Floyd was watching him intently, his eyes hard and suspicious.

“Why are you telling it now?” he inquired.

“Because it was not Gregory Spencer. I’ve know Greg all his life, and this man was not so tall. I’ve a hard decision to make, but I can’t allow an innocent man to be tried for his life.”

“Who was it? You know, don’t you?”

“I’m not sure, but I’m afraid it was Terry Ward.” He drew a long breath. “Remember, I’m making no accusation. And I don’t think the shooting was deliberate. I was after him and Mrs. Hilliard got in his way. But he’s had a long, grueling experience as a fighter pilot. He may be suffering from combat fatigue. I don’t know.”

Dane spoke for the first time.

“Does Mrs. Hilliard know you moved her?” he asked.

“I don’t think so. She was completely unconscious. Shock, of course.”
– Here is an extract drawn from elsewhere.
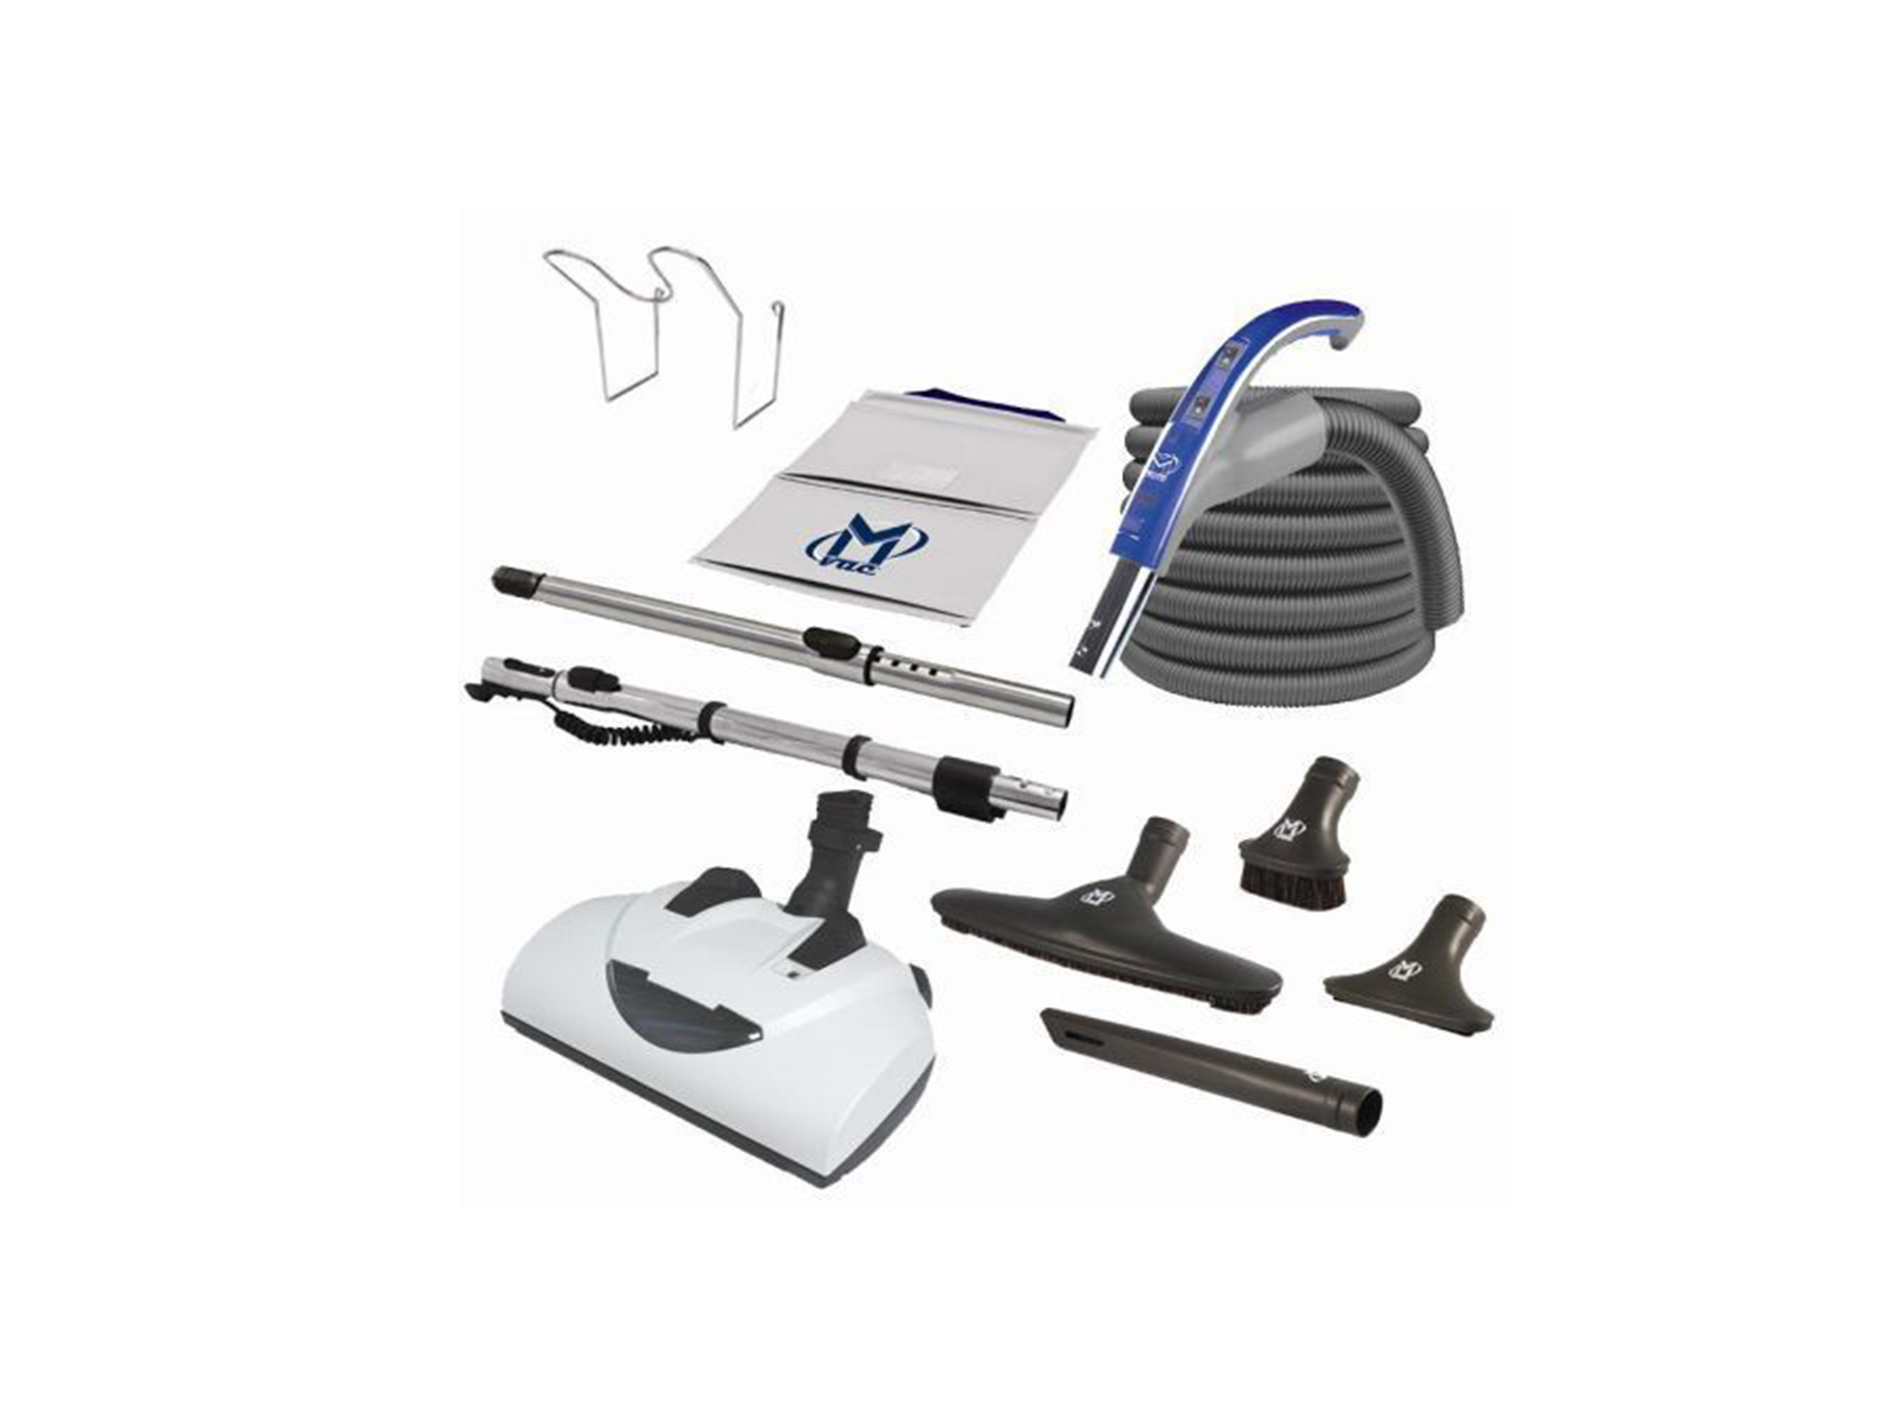 Mvac Premium Carpet And Bare Floor Cleaning Kit Cardy Vacuum

“Have you any idea why she was out in the rain that night?”

The colonel stirred unhappily.

“She must have been on her way to the Wards’,” he said. “That’s obvious. She had followed the path to the lane and was crossing it. He may not have meant to kill her or even shoot her. He wanted to scare her, probably.”
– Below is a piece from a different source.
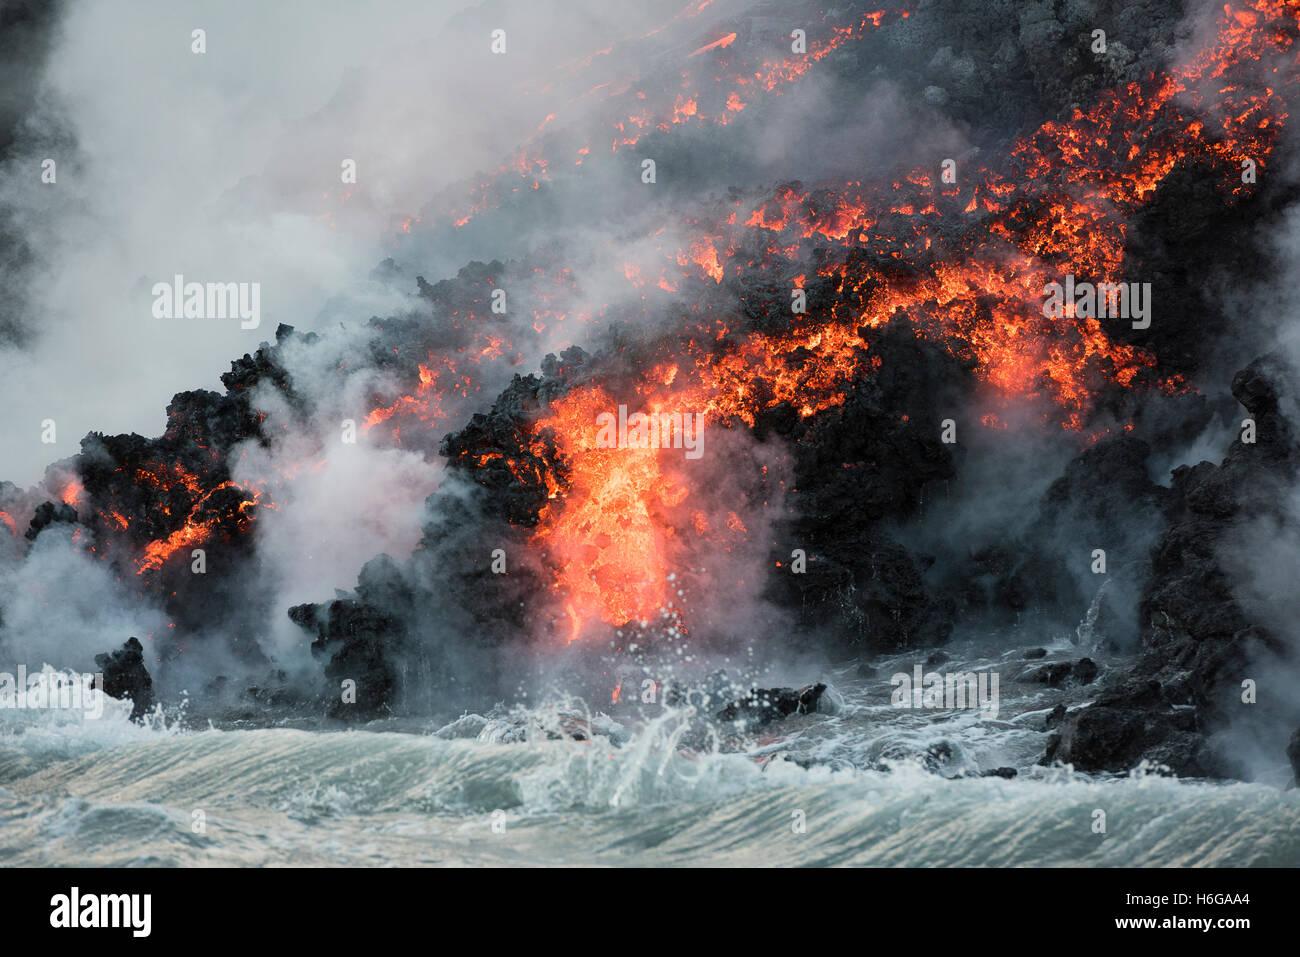 Hot a ' a Lava von Kilauea-Vulkan, erreicht das Meer bei Kamokuna, Kalapana, Hawaii Volcanoes National Park Stockbild

“And have you told the Wards this story?” Floyd demanded curiously.

“No. I would not have come at all, but I cannot allow Carol Spencer’s brother to be crucified without a protest.”

He turned quietly and went out, closing the door behind him.

25

D
ANE REMAINED BEHIND WHEN
the colonel left. Floyd sat staring at the door, his mouth partly open, and Jim Mason let his chair down with a thump. Floyd’s eyes turned to Dane.

“What brings you here?” he inquired. “Were you in that lane too when the Hilliard woman was shot? Looks like the whole summer colony gets around in the middle of the night. Maybe you did the shooting,” he added. “You are quite a shot, aren’t you?”

“I haven’t been camping out at Pine Hill for two weeks or so.”

“And who has? We searched that place. Nothing there but the blankets.”

“If you’ll look again you’ll find a number of fresh tin cans there, by the garage.”

“And what would that mean?” Floyd roared. “What’s the idea anyhow. Are you all in cahoots to try to save Greg Spencer. Some hobo camps out in an empty house, and all at once he kills a girl, shoots a woman, and scares Lucy Norton to death! The colonel says he sees him, you find where he’s been staying, and there’s your killer!”

Having done his duty, Dane drove slowly home. One part of the colonel’s story had struck him as distinctly odd. He was still thinking it over when he saw him on the street ahead, walking slowly and dejectedly home. He stopped the car.

“Care for a lift?” he asked.

The colonel roused himself.

“Thanks. Yes, I would, I’m not as young as I like to think I am, major.”

When they started again Dane reverted at once to the colonel’s experience the night Elinor was shot.

“I can see you were in a difficult position,” he said. “You’re not sure it was Terry Ward, are you?”

“What am I to think? It was someone who knew his way around, and war does strange things to men. I know that.”

“Would Mr. Ward go armed against his own grandson?”

The colonel’s color rose. He looked goaded and unhappy.

“I’m afraid he’s going armed against me. He hasn’t been the same for some time. He may have seen me moving Elinor, you know. May have heard the shot and come out.” He tried to light a cigarette with uncertain hands. “He’s been different since then. We used to play a good bit of chess together. We haven’t for some time.”

The picture of the two elderly men, each suspecting the other, was rather pathetic. It was the old story, Dane thought, no one being entirely frank. It was the same with every crime.

“Just what do you know about Terry Ward, Colonel Richardson? Known him a long time?”

“Since he was born. Knew his father before him. Fine Boston family, you know. His grandmother’s death will be a blow to the boy. Only thing is”—the colonel cleared his throat—“he’d never shoot Elinor. There may have been some reason for the other. God knows I judge nobody. But why Elinor?”